Narra Jane:
Mierda. Mierda. Mierda.
¿Quién se creía ese que era? Argh. Odio a los chicos como él. ¿Cómo se atrevía a venir a nuestra casa a hablarme de ese modo? Ni que fuera mi padre.
Después de que Harry-el-sucio se fuera y me dejara con ganas de salir detrás de él y pegarle un puntapié subió a los pocos segundos su hermano Zayn. Estaba claro que aquel Don Juan quería beneficiarse a Jess pero no iba a ser tan fácil.
Se notaba que Zayn no se llevaba muy bien con Harry. Normal, era un borde de mierda.
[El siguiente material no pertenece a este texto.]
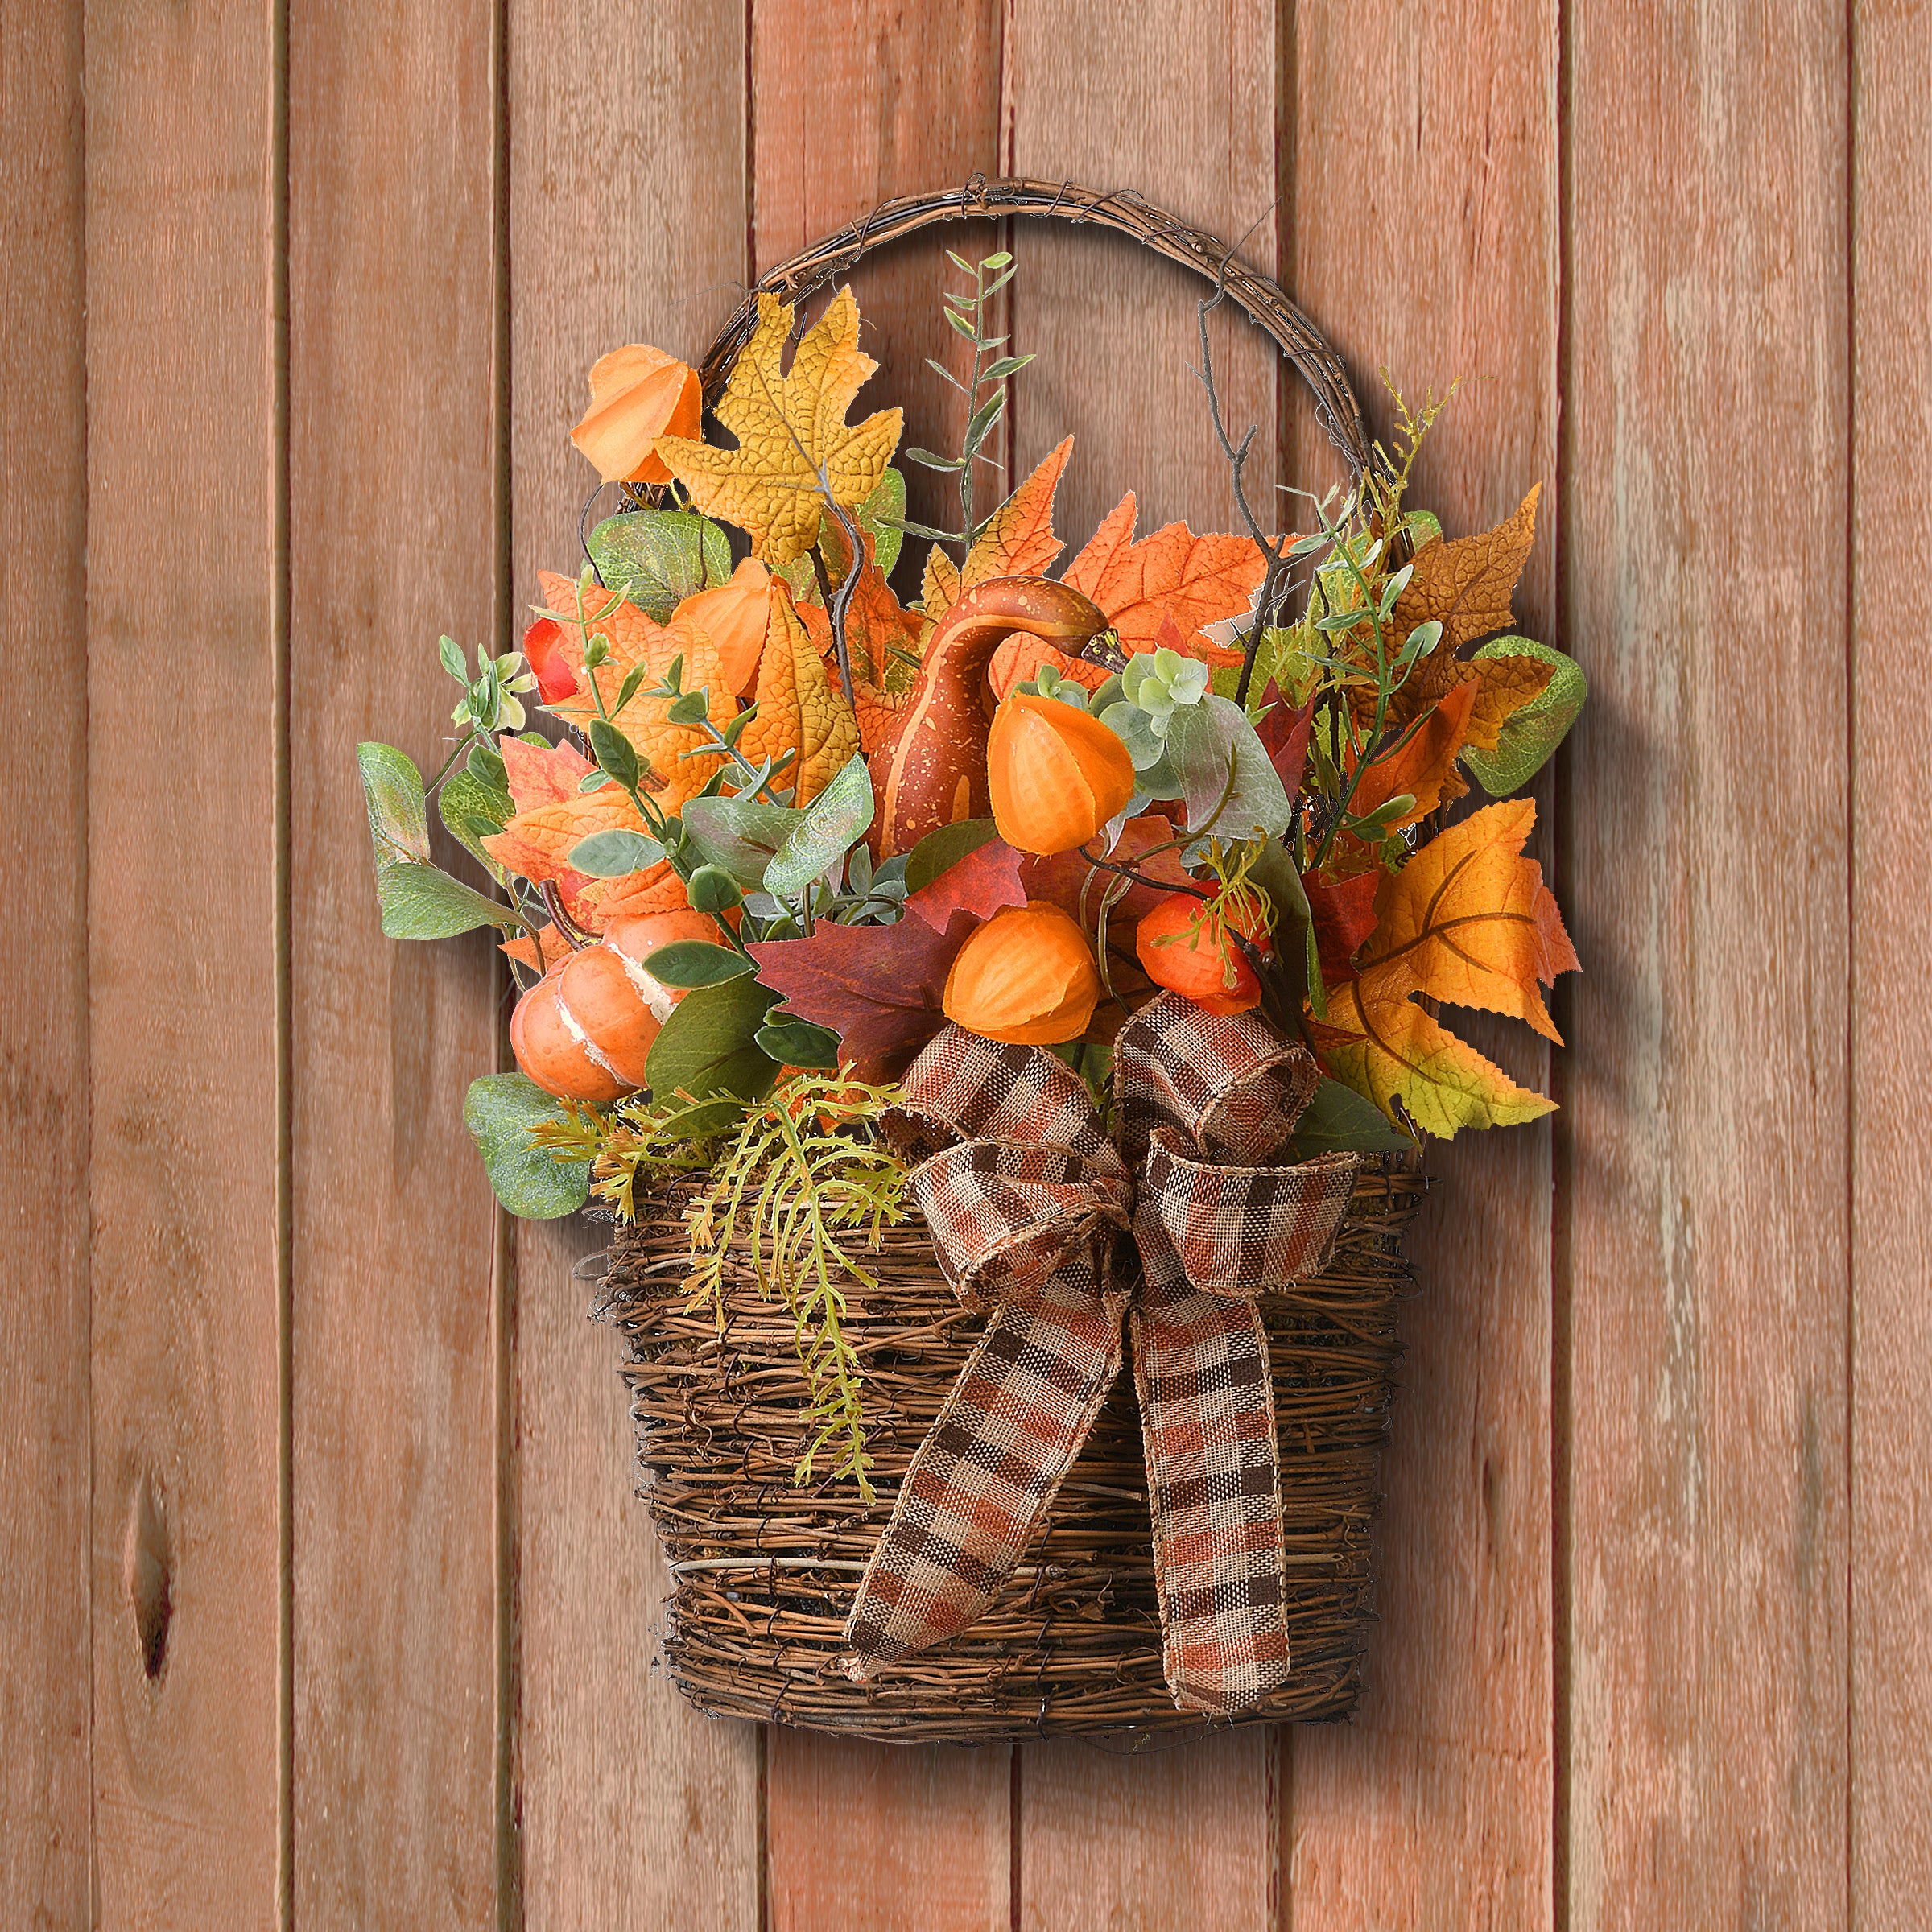 National Tree Company Artificial Flowers in Wicker Basket, Decorated with Pumpkins, Gourds, Flower Buds, Burlap Bows, Maple Leaves, Autumn Collection, 17 in

Jess se había puesto monísima para su cita con el Casanova y por lo que acerté a oír iban a ir a casa de los padres de ella. Demasiado pronto presentarles a sus padres en la primera "cita", ¿no? Pero qué más daba si el objetivo era acabar en una cama. Vamos, Jess, te lo tiras el tercer día de clase y eres mi heroína.
Traté de no pensar mucho en el percance que había tenido con el hermano más idiota de los Van der Croeft. Si antes me había emocionado el beso forzado en clase ahora solo me daban ganas de vomitar.
La mañana siguiente decidí mandar a la mierda las malas vibraciones que me habían inundado los últimos días y me levanté antes para ponerme más guapa de lo que ya era. Un poco difícil, pero como era perfecta podía conseguirlo.
Me puse el uniforme y arreglé bien mi corbata antes de salir. La falda tableada estaba muy por encima de la rodilla y mi camisa blanca bajo el jersey estaba perfectamente planchada. Me coloqué la diadema burdeos sobre el pelo hacia atrás y me puse el abrigo beige clarito con delicadeza. Observé las medias de color casi rosa pálido con detenimiento. Perfectas.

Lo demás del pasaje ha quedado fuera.